楼道里,鹿风拿上东西准备回家,这些天他以看望老师的名义在学校频繁出入,此刻正巧撞上艾瞳他们上楼,四目相对,他一眼便看见她右脸又红又肿,就好像被人打了一拳。而她冷漠地将目光避开,径直向上走去,他眼看着与她错开,忍不住回望,关切道:“怎么受伤了?”
他以为她不会理他,谁知她停了下来,走下去,与鹿风保持同一持平的高度,保持着疏远的距离,目光灼灼,这次轮到他局促了。“你没挨打?”她倏然间开口,刚刚看他踢球她就有了这种预感,舒琴音只抽一鞭,皮开肉绽,至今还是狰狞的血痂,而他如果真挨了二十九鞭下地都应该困难。
“什么?”他微微怔住,明显没明白她的意思,她了然,怅然地舒了一口气:“没事。”她释然了,艾瞳怕欠他的,她没想过舒琴音会拿自己来逼退她,那么大一个伤口怕是这辈子疤痕都去不掉了。

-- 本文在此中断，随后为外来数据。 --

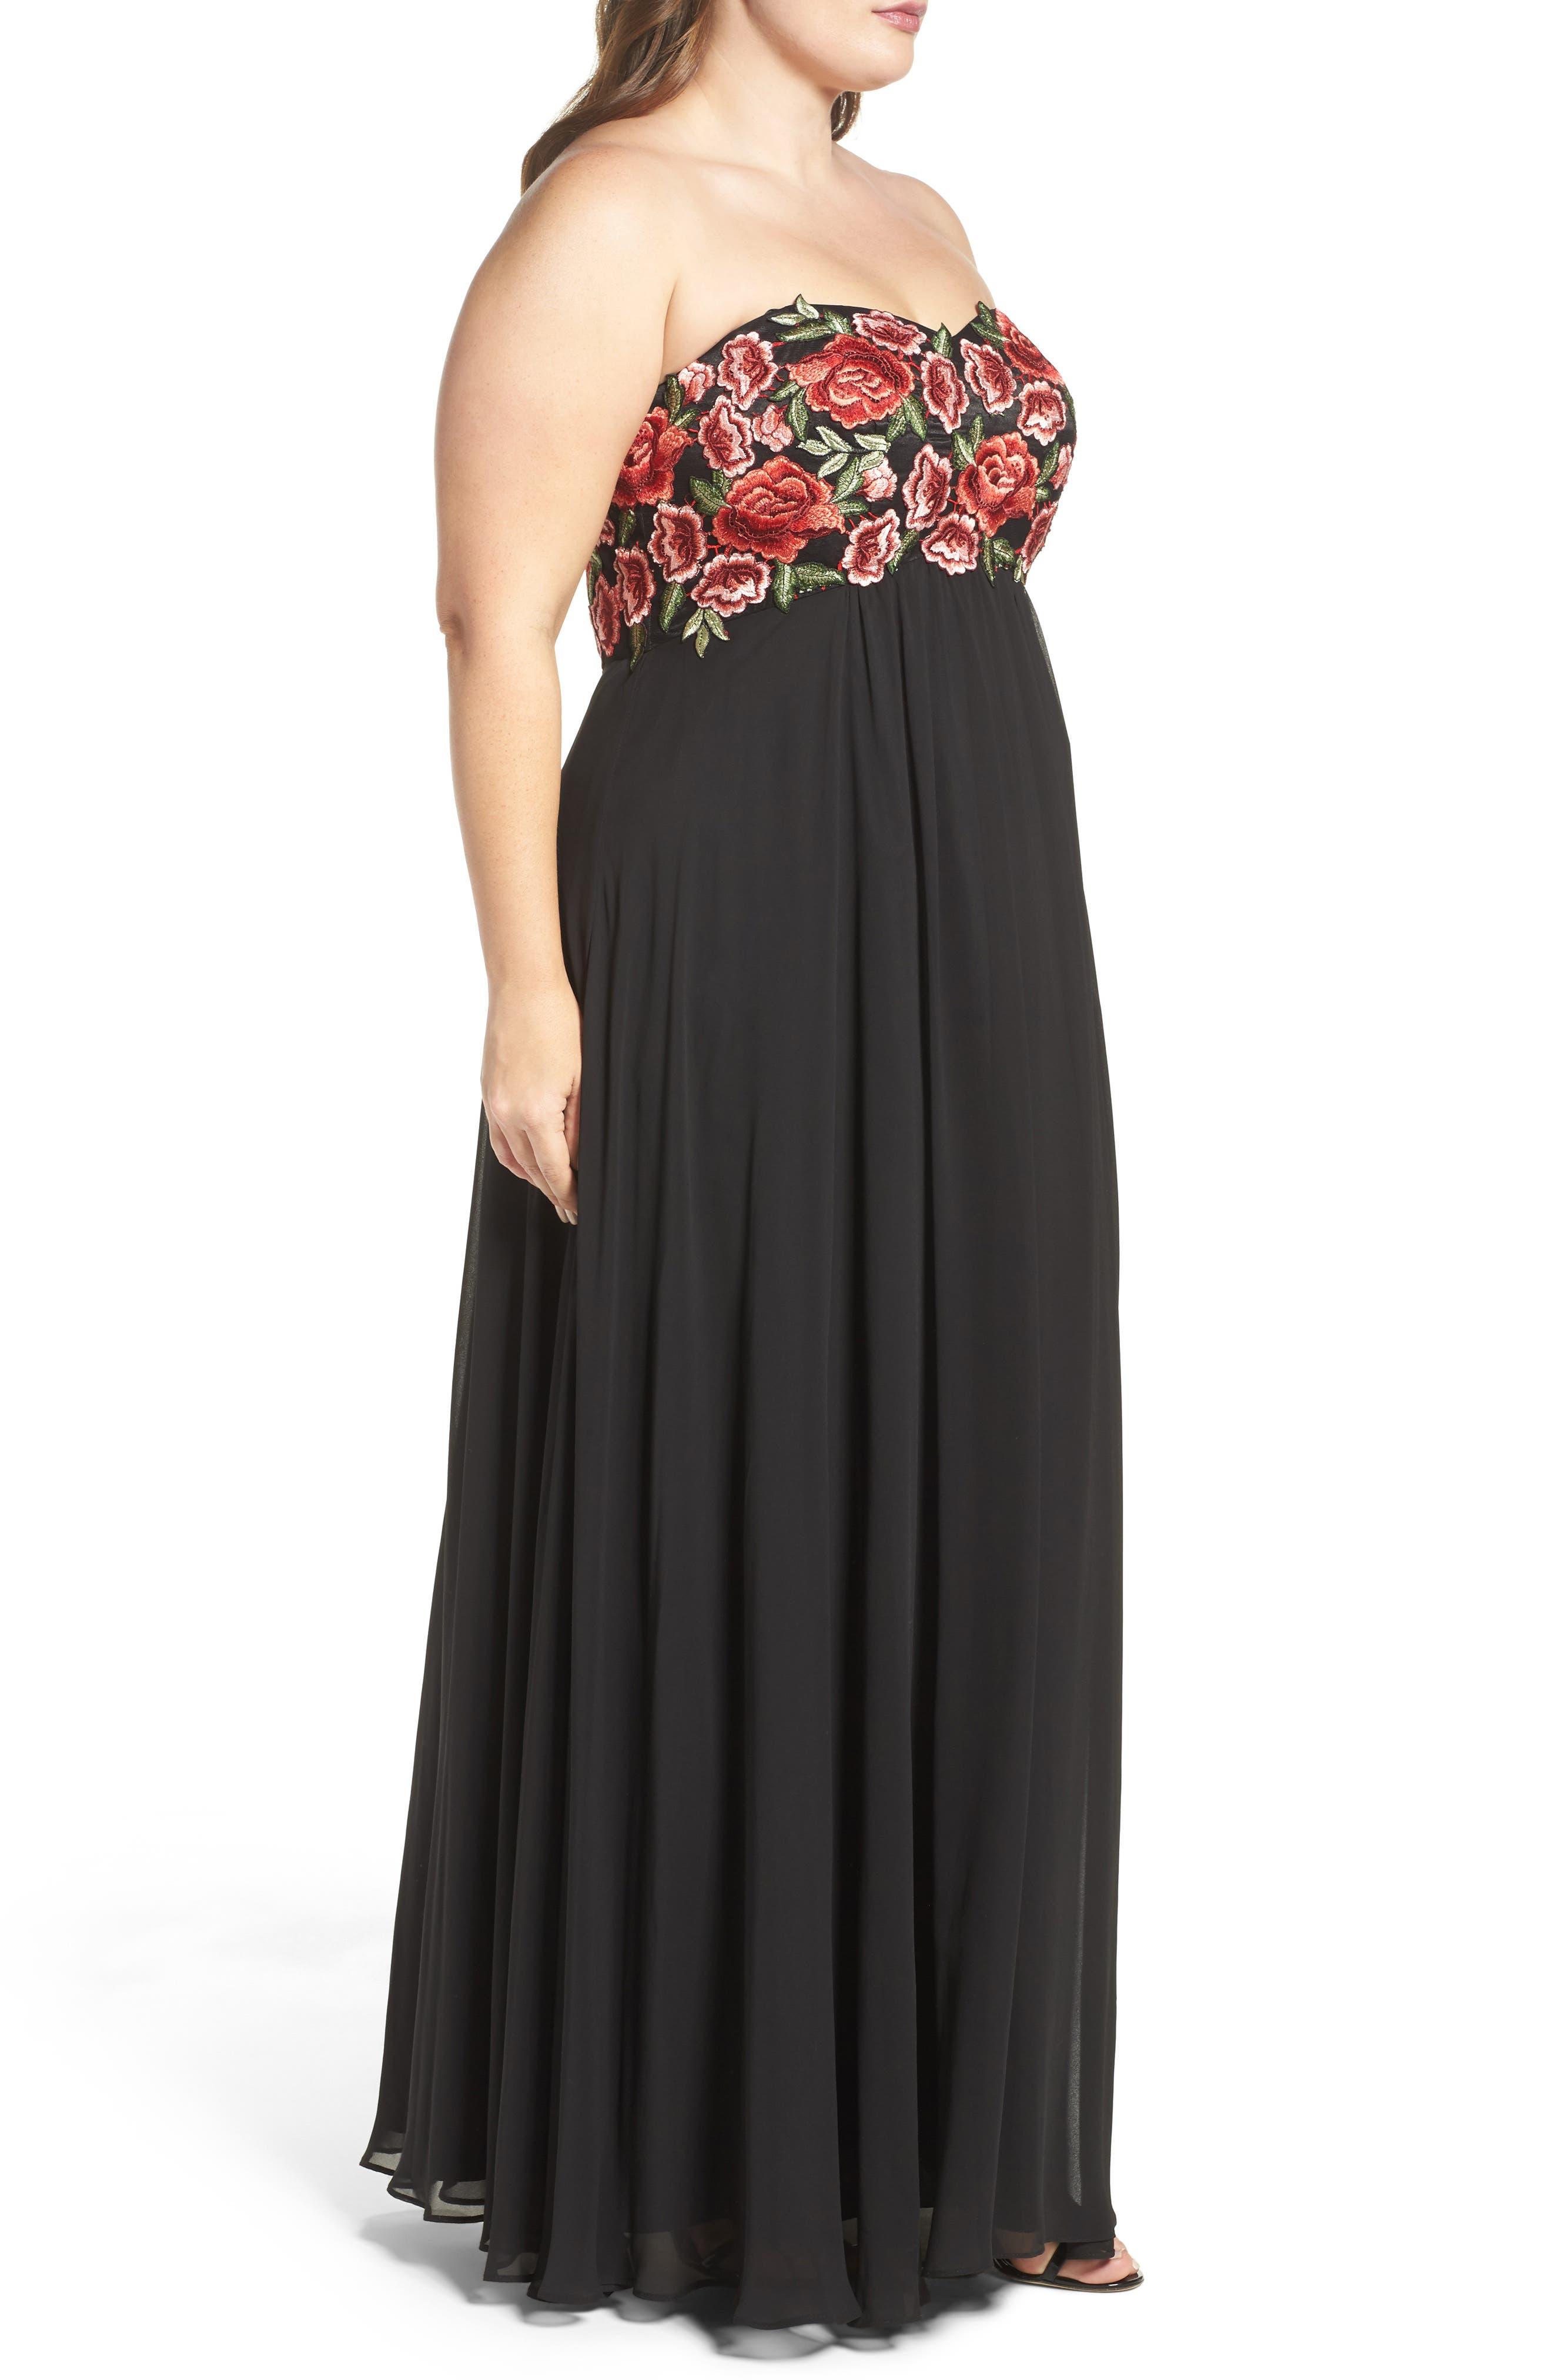 Floral Appliqué Strapless Gown,                             Alternate thumbnail 3, color,                             Black/ Red

她折回去继续往上走,鹿风在经过江深时,拍了一下他的肩,两人对视,他眼眸里流露出恳求,江深不着痕迹地点了点头,再交错而过。他走下去,又抬头去看,去听,楼道里此时还能闻见她很轻微的脚步,如点水,一下一下,渐渐淡去。
如今已经五月,他进华大也两个多月了,他的确拿了条件去换这几个星期的自由,也为此受到了惩罚,可是那是他自己的事,不该算在她的头上。数学系不是他真正想要到达的彼岸,他想做的,他能做的,他都选择不了。
回到班里,果然乱哄哄一片,这节自习没人管,大家几乎都无法无天了。娄瑶君倚着门栏,站在门口,居然真的在和莫奈扬讲话。莫奈扬还是昔日作风,身躯慵懒地斜靠在门框边,手里有一下没一下地玩弄着指尖的钥匙扣。
在江深看来,有的人感情对于他们就是儿戏,曾激情澎湃,过却激情,剩下的全都成了累赘,所以娄瑶君这样他一点都不意外。
艾瞳看在眼里却是另一番风景,如果她没亲耳所闻褚子丹昏倒需要抢救的消息,没有亲眼所见他被送走,她也许可以不闻不问就当作什么也不晓得。可是,褚子丹就躺在病床上,她只是想再最后为他争取一个机会,她走到娄瑶君面前,话都还没理顺,就被江深拎小鸡一样给拎走了。
“江深,你放开我。”她扭动着,像顽强的麦秆不肯轻易被折服。“我去说,你站在这。”他拗不过她,只能另取他法,先将她的情绪稳定下来。